To be a slave is to have no control over your own time. The Israelites baked matzo because they had a brief moment, a slice of time, the beginning of true freedom, but they were not yet there. Matzo is the sign of a people soon to be free: the bread of affliction but also the bread of transition — from being a slave to liberation into the service of God.

— Rabbi David Wolpe, Sinai Temple

ELIJAH’S CUP

When are the Jewish people going to be able to drink with joy from the fifth cup, Eliyahu’s Cup, during the seder? When we have prepared the world for redemption. Preparing the world for redemption, however, requires tremendous effort and faithfulness to our people’s mission. Where do we start? The haggadah gives us a brilliant place to begin. Immediately after we pour the Fifth Cup for Eliyahu, we open our front door. What a strange custom, right? But it sends a message to our generation: We can help prepare the world for redemption by opening our hearts to one another. Why is the door normally closed? Because we’re in pain. So we close the door on each other — parents and children, husbands and wives, brothers and sisters. Right after opening the door during the seder, we read a passage from Psalms, a dire warning to those who forget that we are all children of the Creator and must act righteously with one another. My blessing for all of us is that we avoid the consequences of failing to act righteously toward one another and instead pave the road to the redemption of the world.  It’s all there in the Cup of Elijah.

— Rabbi Yonah Bookstein, Pico Shul

ORANGE

Since the 1980s, many Jews include Susannah Heschel’s tradition of adding an orange to the seder plate as a symbol of people marginalized in the Jewish community. Heschel chose an orange because, as she said, “in a whole orange, each segment sticks together.”
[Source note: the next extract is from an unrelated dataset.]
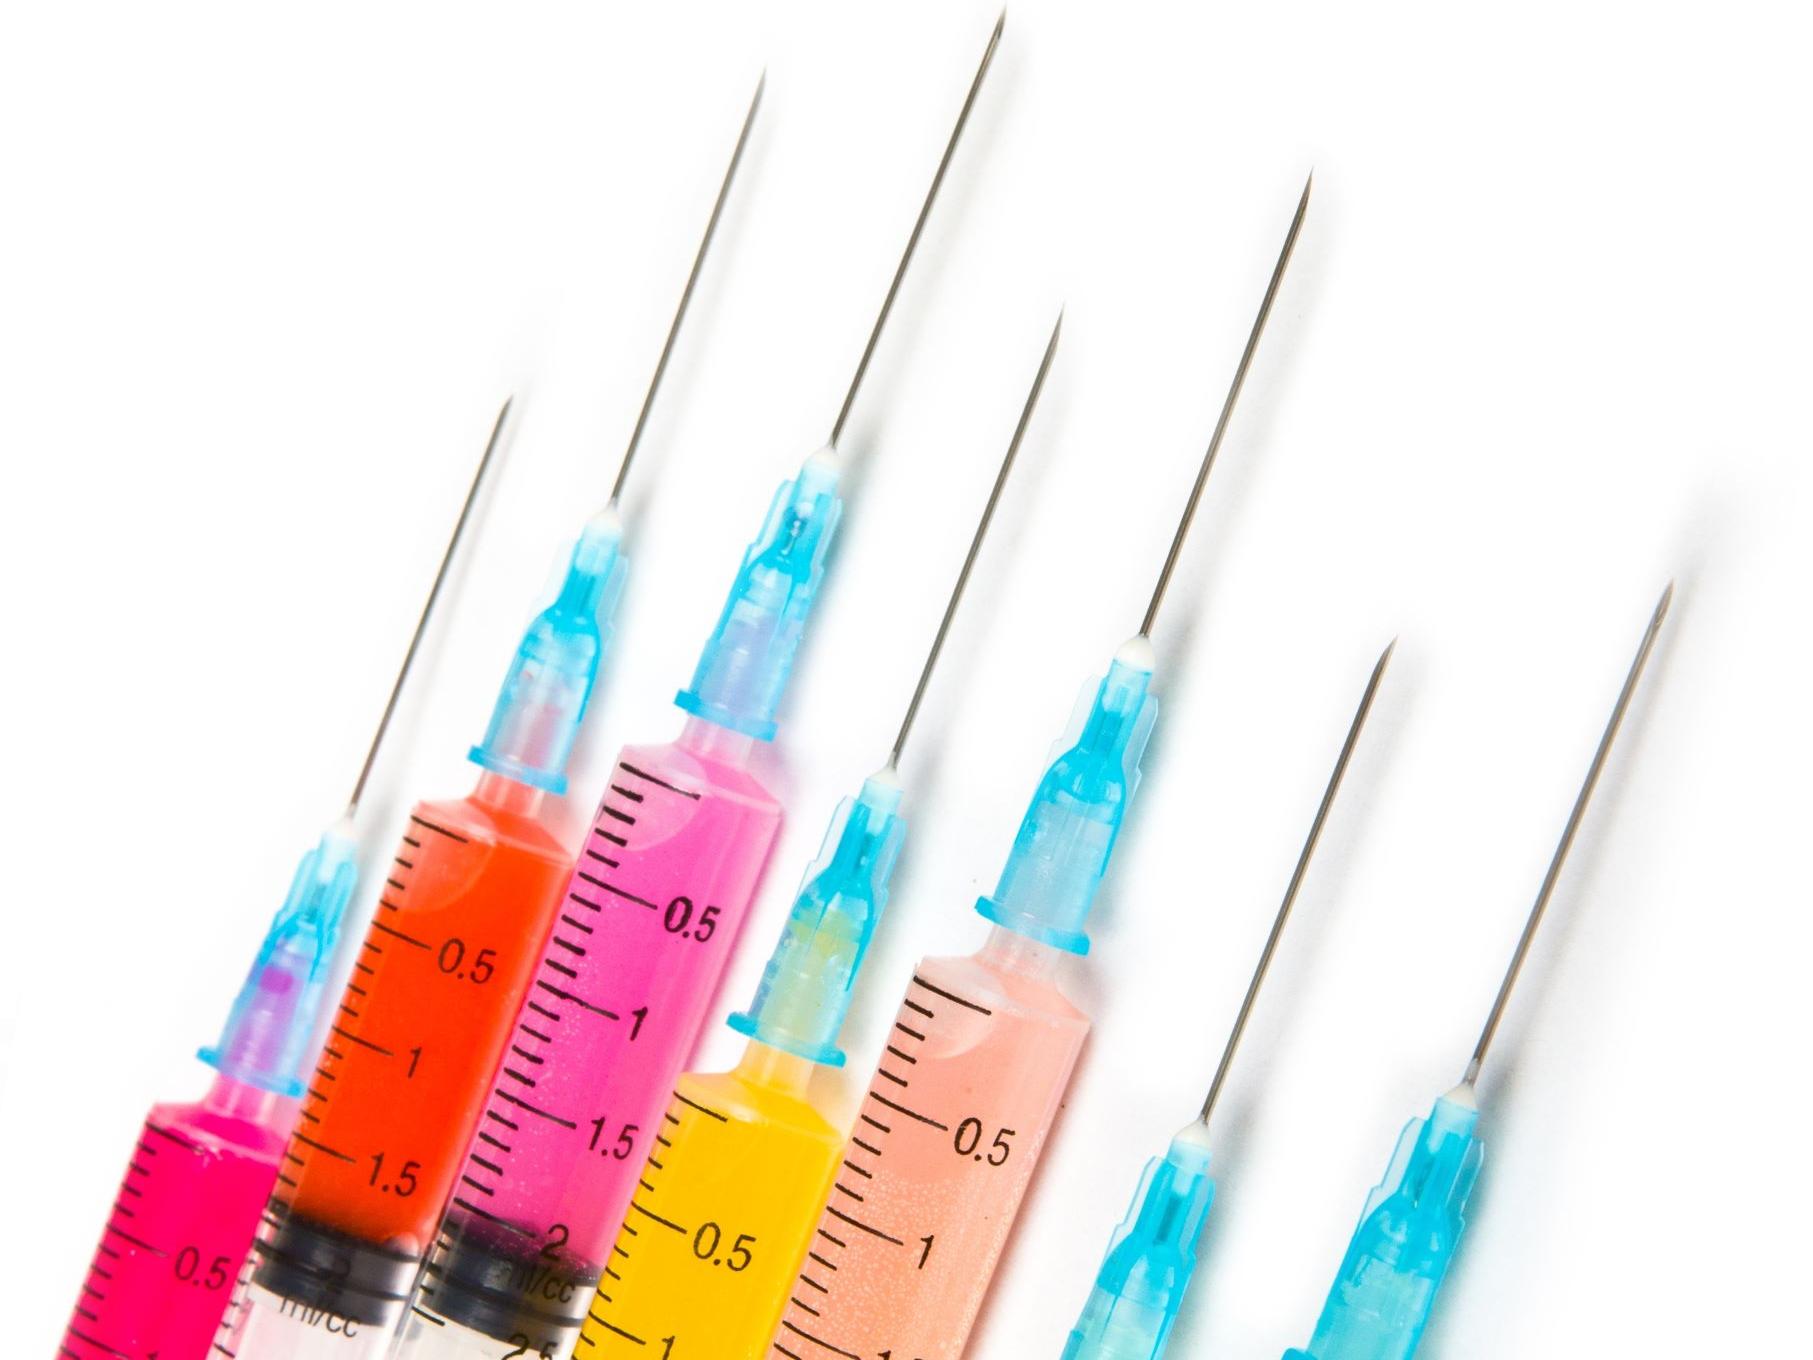 A point well made on syringe needle bonding

Over the years, I’ve added to that tradition, and you can, too, with just a few words and actions:

“Tonight, let’s squeeze some orange juice upon the charoset, that already sweet promise of freedom, that symbol of the mortar our ancestors used when they were slaves. In so doing, we offer a reminder that those who some call ‘outsiders’ among the Jewish people — including LGBTQ Jews, Jews by choice, Jews of color, Jews from other traditions, Jews who are adopted, non-Jewish family members — have actually become part of the mortar that holds our people and our traditions together.”

[One person at each table squeezes some orange juice on charoset as we say:]

Evan ma-ah-su ha-bonim ha-y’tah l’rosh pinah.

“The stone the builders rejected has become the chief cornerstone” (Psalm 118:22).

[Each person takes a slice of orange to eat, as we recite:]

Baruch atah Adonai eloheinu melech ha-olam borei pri ha-eitz.

“Blessed are You, God, creator of all, who created the fruit of the tree.”